Yapluka est une association loi 1901 dont le but est d’aider au développement de la petite agriculture paysanne malgache, spécialement à Manompana.

A l’initiative de Blaise Dupuy et Vincent Menny l’association YAPLUKA est née en 2011, pour mettre en œuvre le projet de création de la ferme pédagogique Tsara Masoandro.

L’idée de « YAPLUKA » est née à la suite d'un stage, effectué par Blaise DUPUY, dans le cadre de leur BTS « Développement Agricole des Régions Chaudes », à Manompana au sein de l’ADEFA. Ayant pu analyser la situation contextuelle et les besoins du village en matière agricole, lui et Vincent Menny ont saisi les compétences et savoirs acquis pour créer la ferme pédagogique à Manompana.  Le village de Manompana est dévenu une évidence, il réunissait les différents critères à l'imagination d'un projet correspondant aux souhaits des habitants. Afin d’avoir une base juridique et de récolter dons et subventions pour mener à bien ce projet, l’association YAPLUKA de loi 1901 est née en janvier 2011. 

 

 

Depuis trois nouveaux compagnons sont venu rejoindre l'association en tant que co-président

 

Camille David, Magalie Collin et Antoine Jomand.
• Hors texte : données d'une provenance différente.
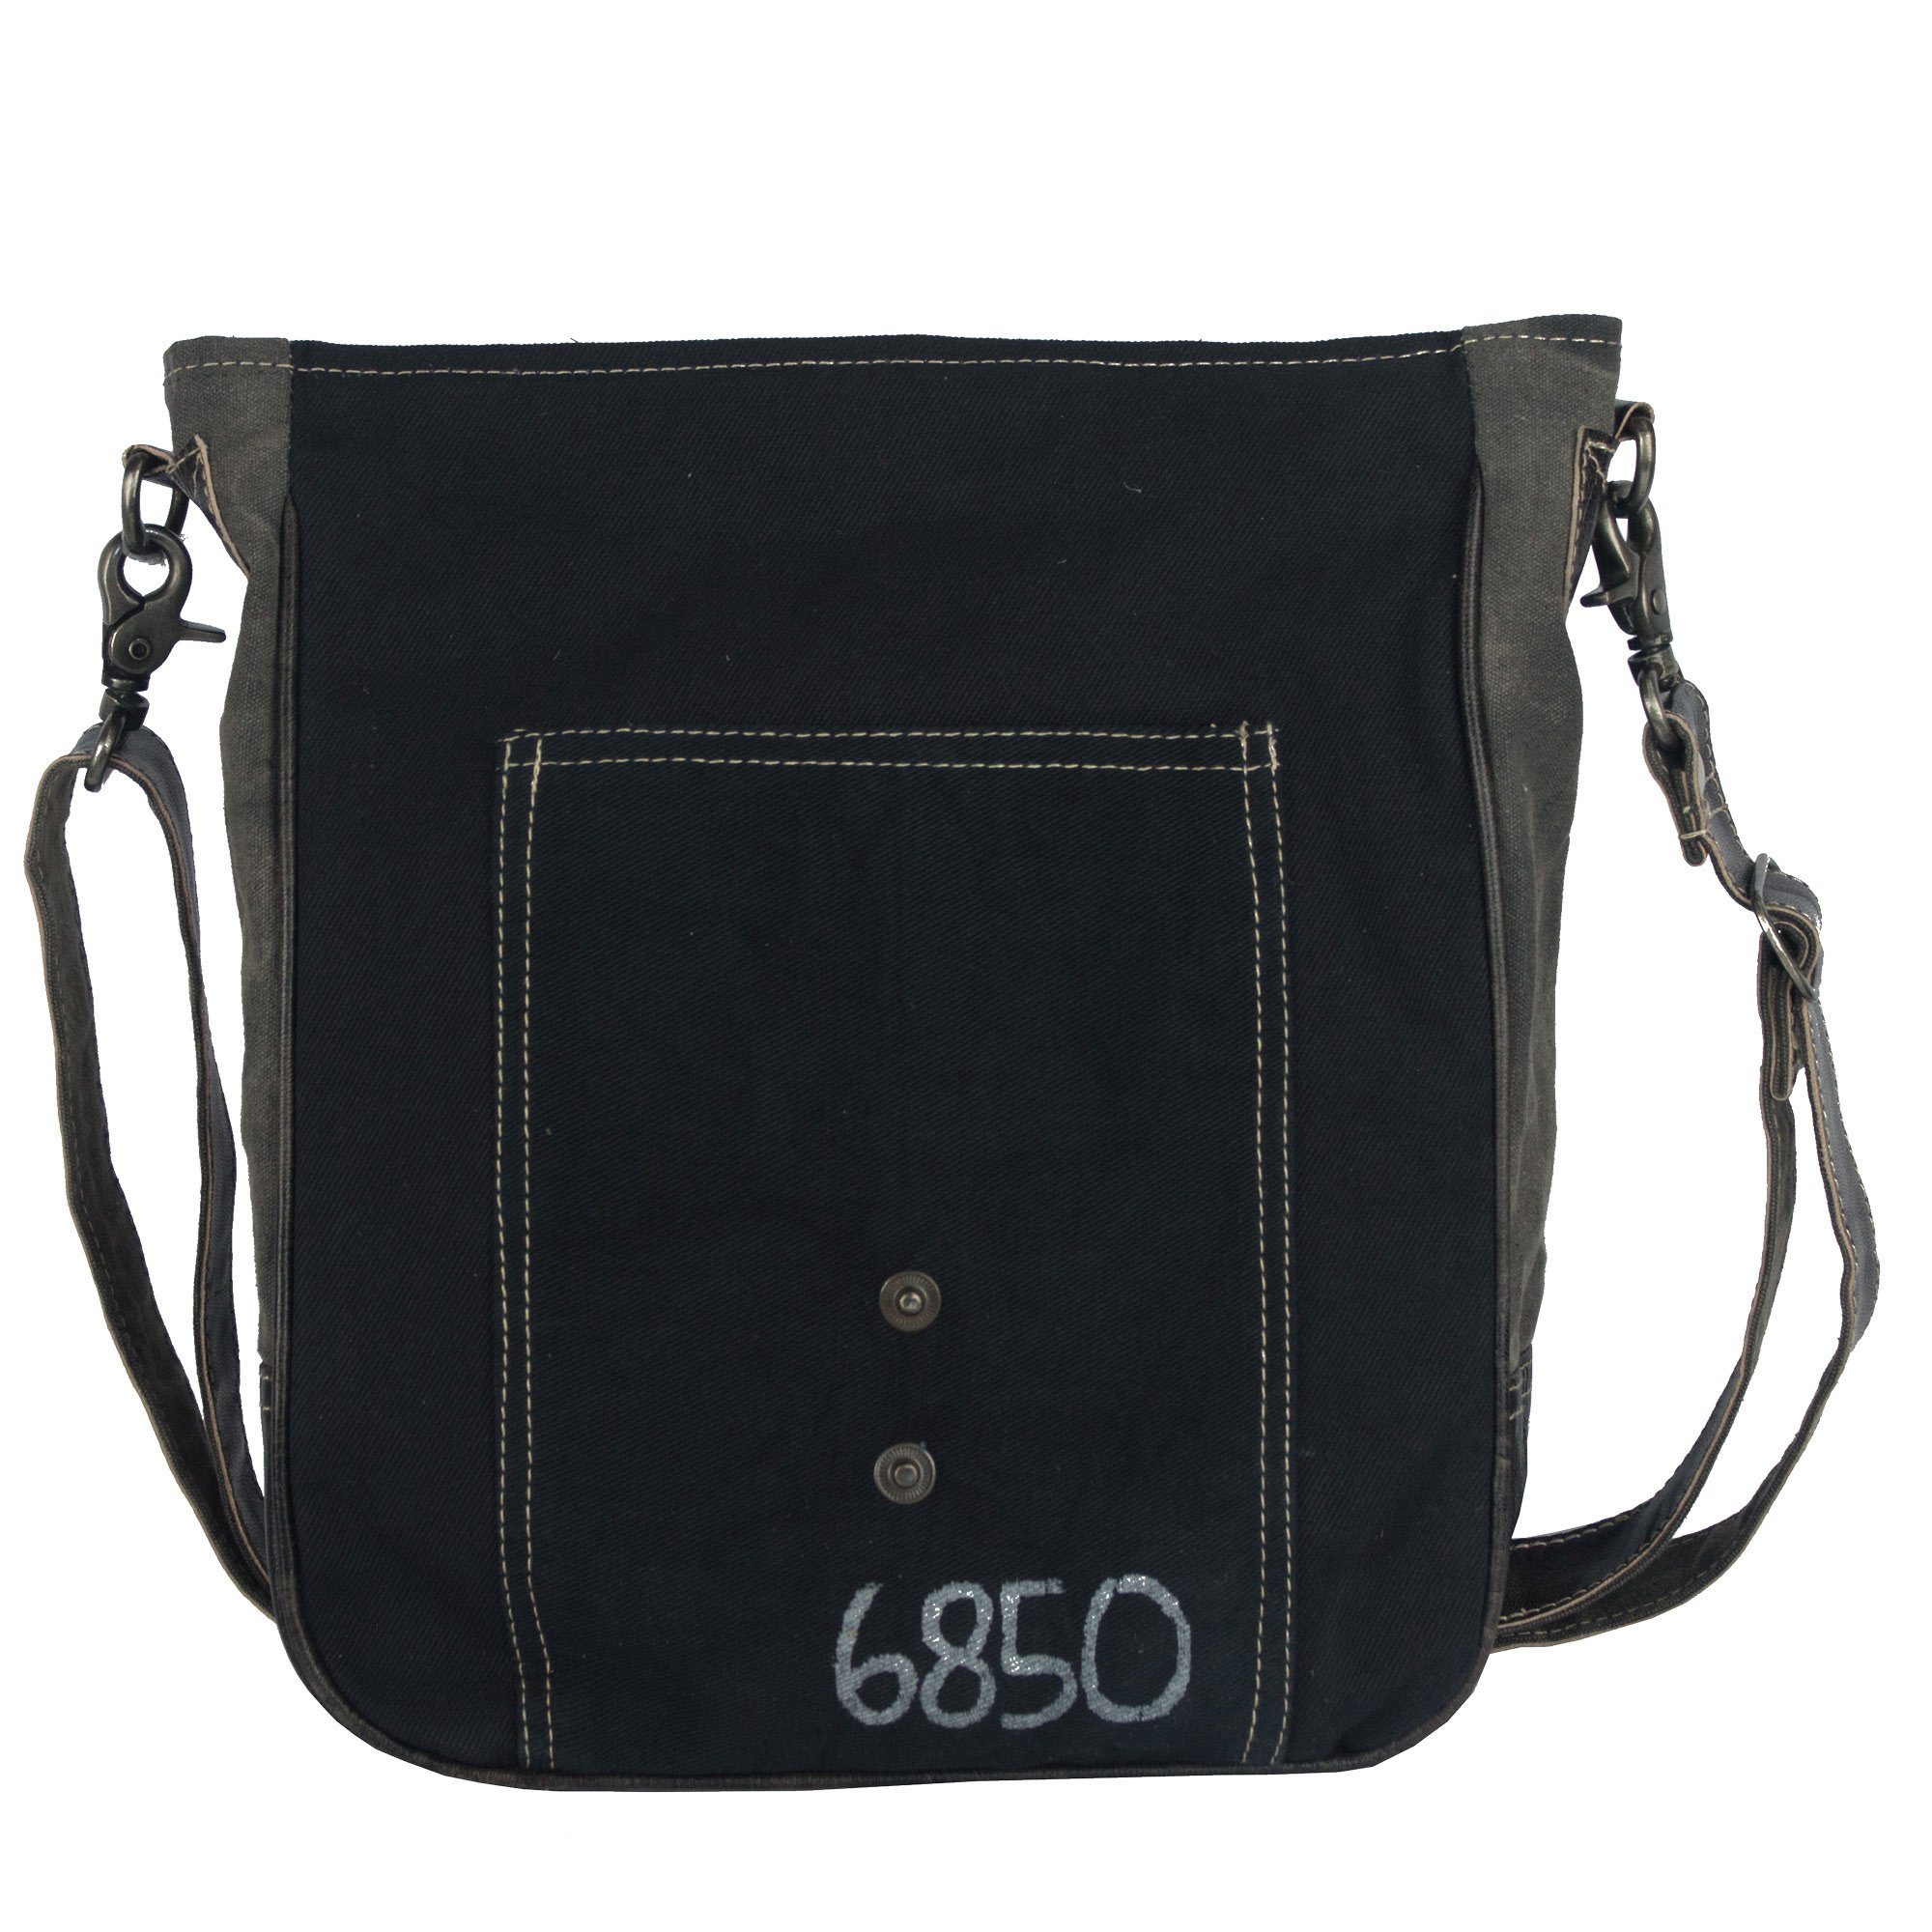 Sunsa Umhängetasche Große Tasche Messenger bag mit Pferde A4 Umhängetasche 52498 . geeignet Schwarze Canvas Aufdruck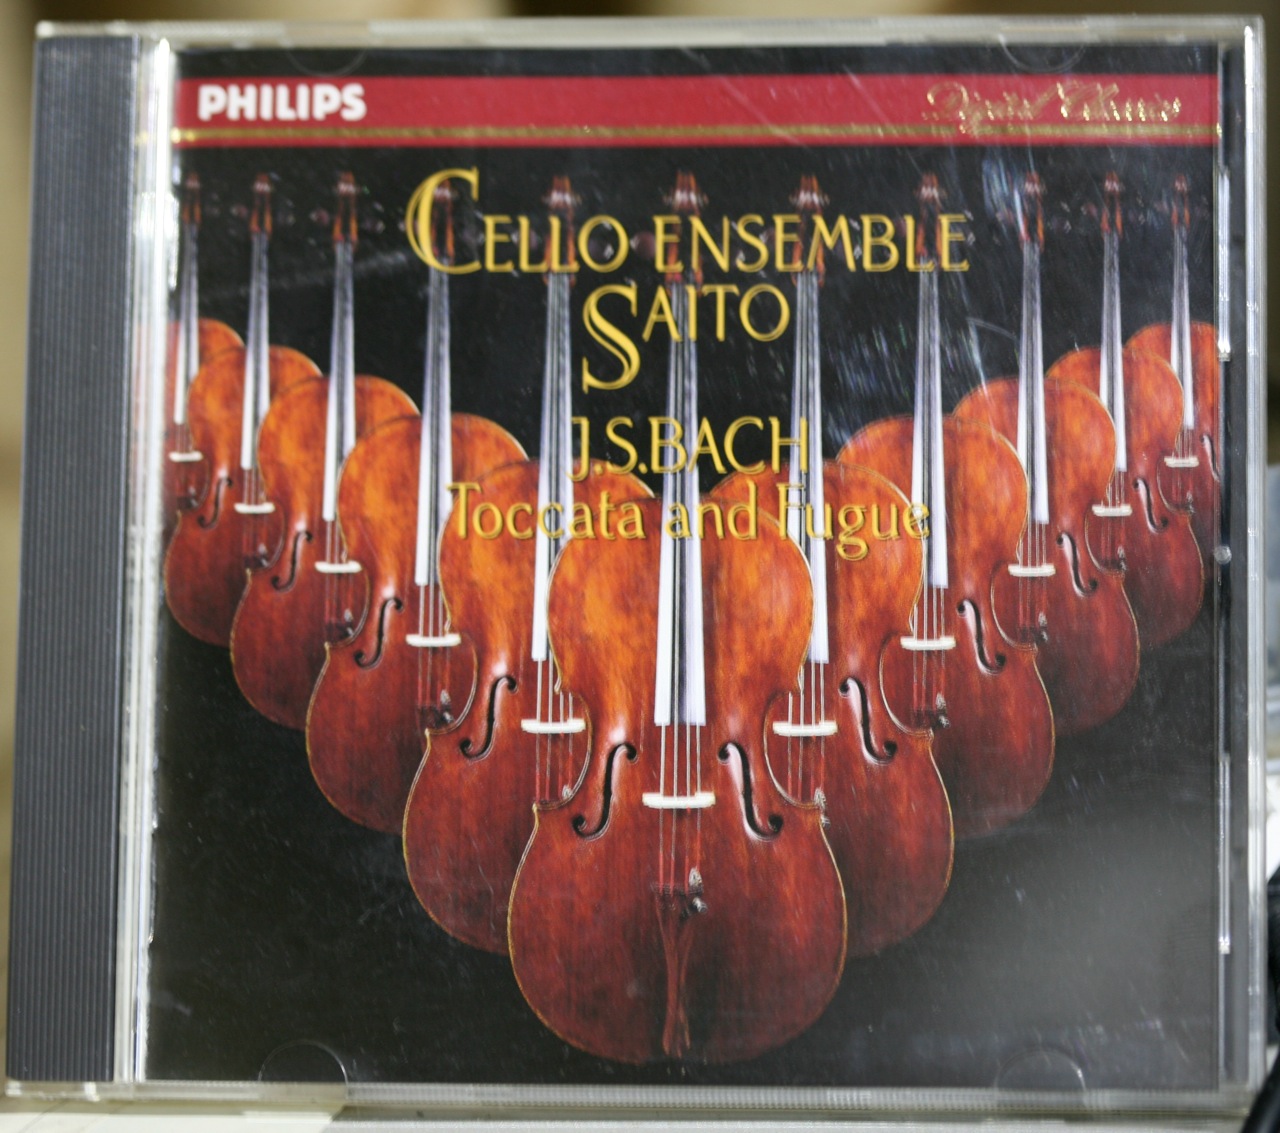 Cello Ensemble Saito: J.S.Bach Toccata and Fugue | 音の散歩道

Tous diplomés de diférentes écoles en coordination de projet de solidarité internationale et locale.

 

 

 

Par ce micro-projet nous voulons montrer que nous pouvons être acteur de changement sur le long terme en soutenant un caummunauté dans les nombreux dèfis quelle a à relever.

 

 

 

Nous n'avons pas la prétentions d'avoir "la voie juste à suivre". Notre action trouve sa raison d'être par l'échange de culture qu'elle nourit.

 

 

 

C'est pour cela que  :  - nous ne voulons pas passer plus de trois mois par an dans le village afin de limiter l'impact culturel que nous pouvins apporter,

 

                                        - nous ne retirons aucun bénéfice monétaire du projet.

 

                                       - nous refusons que les produits de la ferme soient vendus au villageois, pour ne pas empêcher l'émergence de nouveau maraîcher.

 

                                        - nous avons également pour but la sensibilisation des populations des pays "riche" sur l'impact de notre mode de consomation, et l'interculturalité.